A5 recycled paper sheets (clipped to A5 wooden drawing boards) and clutch pencils (with large soft leads) are made available to workshop participants.


Enter the space

Walk through the space, aware of your breath as you consciously focus on leaving behind the physical experience of getting here (by foot, bike, car or public transport) (Ref. Christine McMillan, 2008).

What changes do you note in your breathing?

Now imaginatively enter and explore a wide white page that is bound within the 3 dimensions of this place – its length, breadth and height.

Focus on your feet connecting to the ground through the weight of your whole body.

Imagine marking the ground with inky feet, drawing a scale that ranges between extremely light and heavy.

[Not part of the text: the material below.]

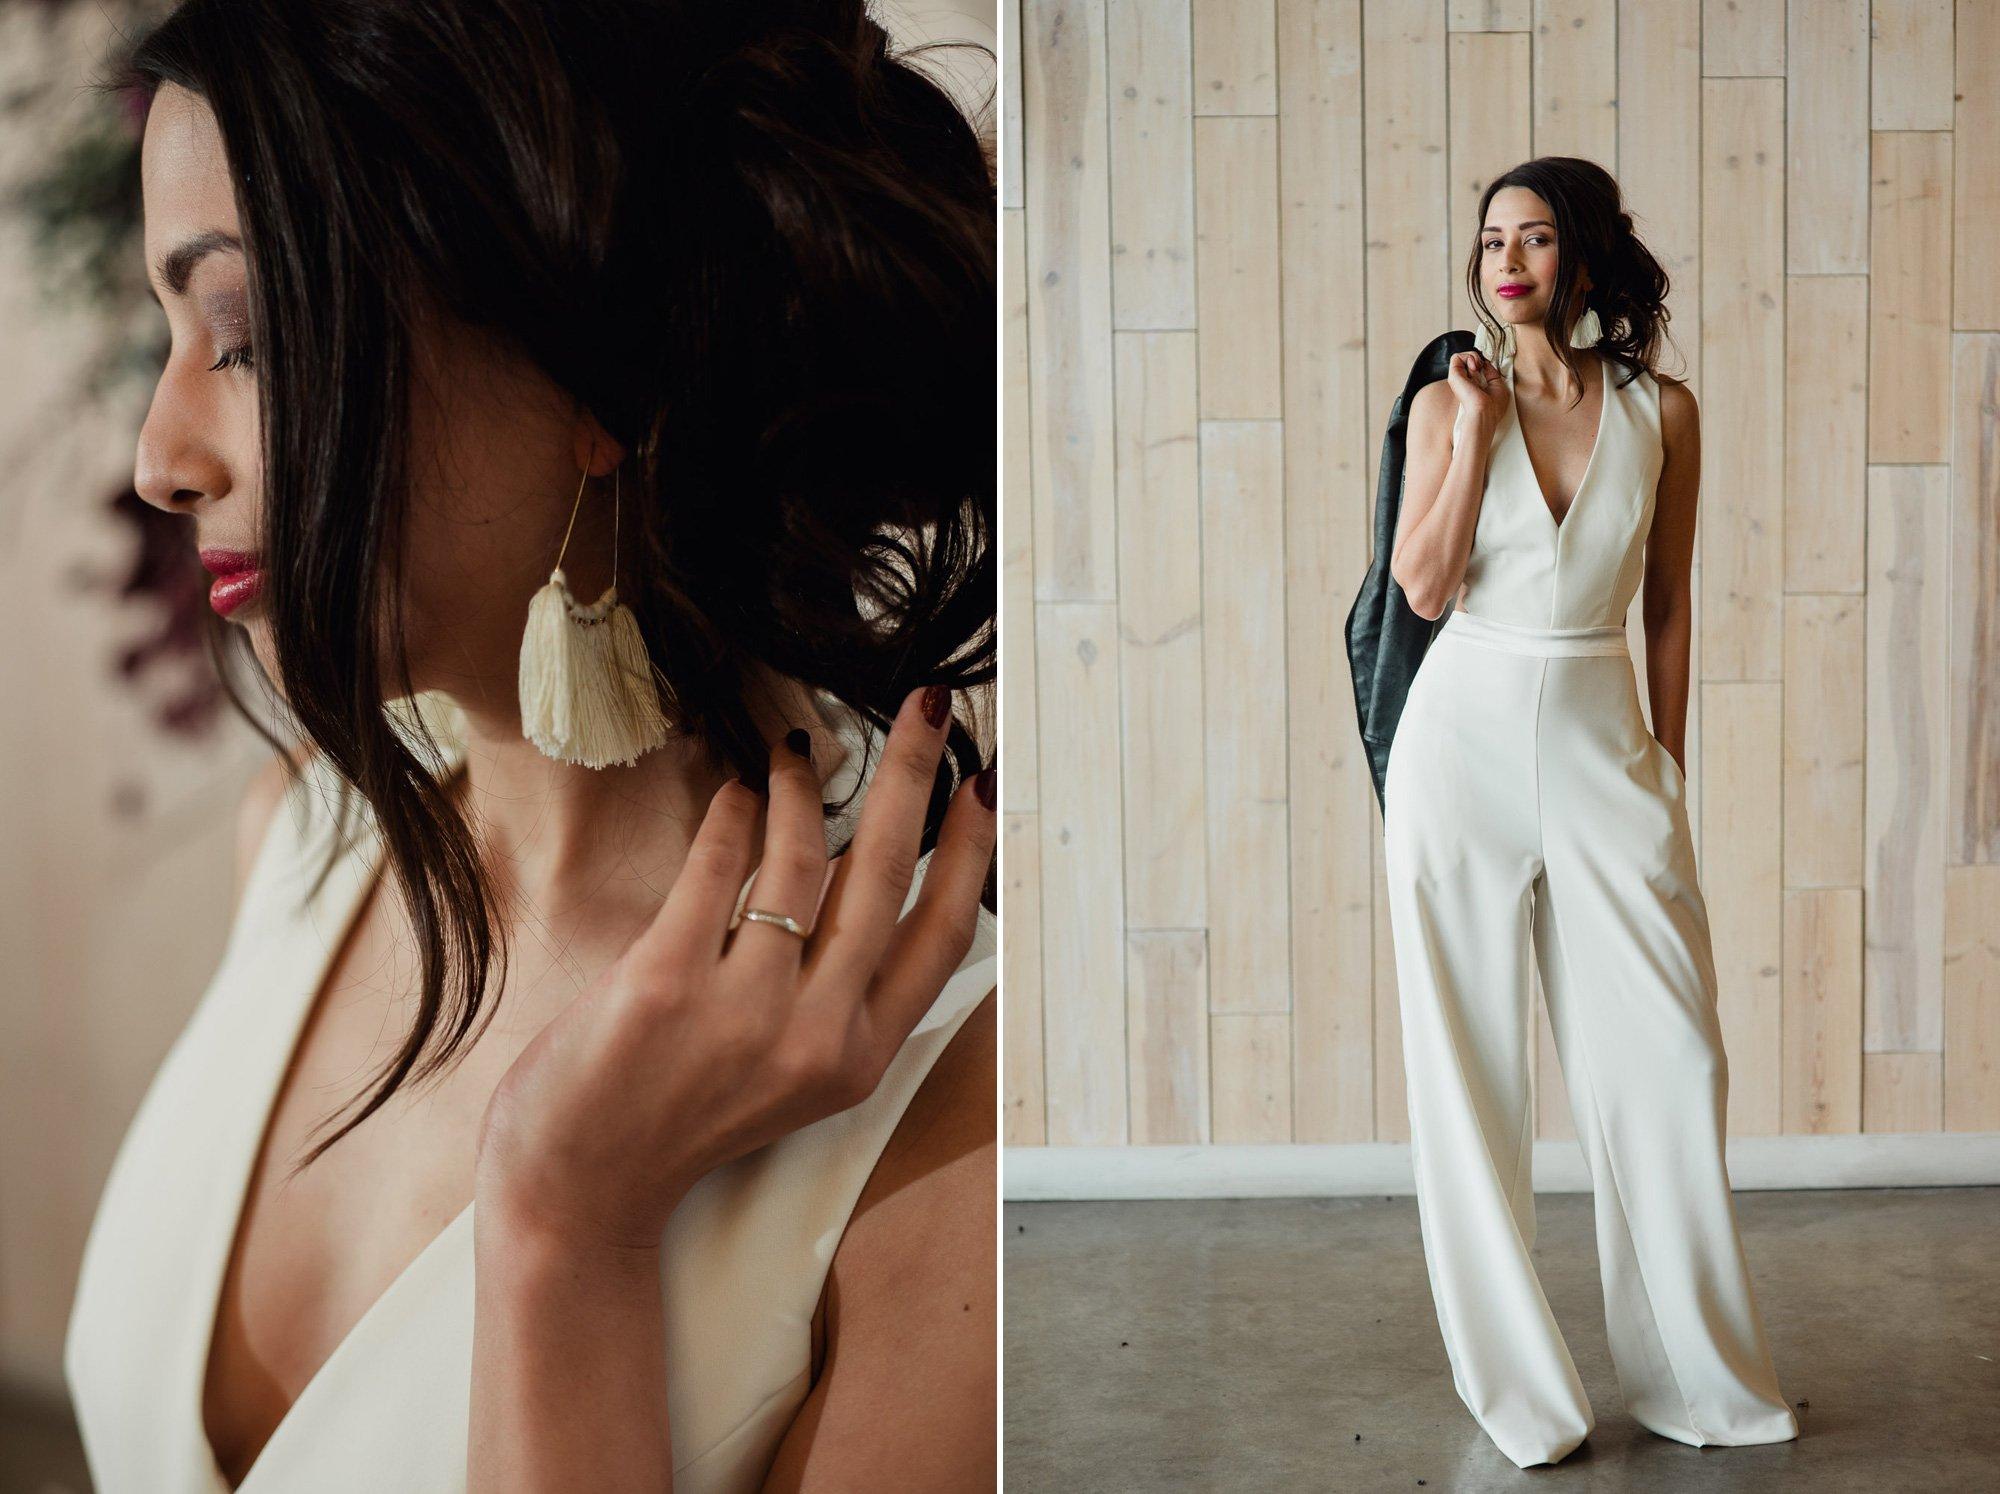 bridal jumpsuit with fringe earrings, alternative bridal looks, alternative wedding styled shoot in austin, peached social house bridal portraits, peached social house styled shoot

Use other body parts to draw lines of different weight through all the dimensions of your imagined 3D page.

Think of your lines as drawing the 4th dimension of time.

Gradually find stillness. Close your eyes. Breathe. Imagine yourself now within a new clear space. You have moved through the imagined white page and into the reality of the present. Open your eyes.

Take your drawing board and pencil and, without looking at the paper, slowing walk and draw a line that spirals clockwise from the centre. Allow the weight of your pencil on the paper to trace the weight of your body on the ground. Your lines will reflect this experience of movement.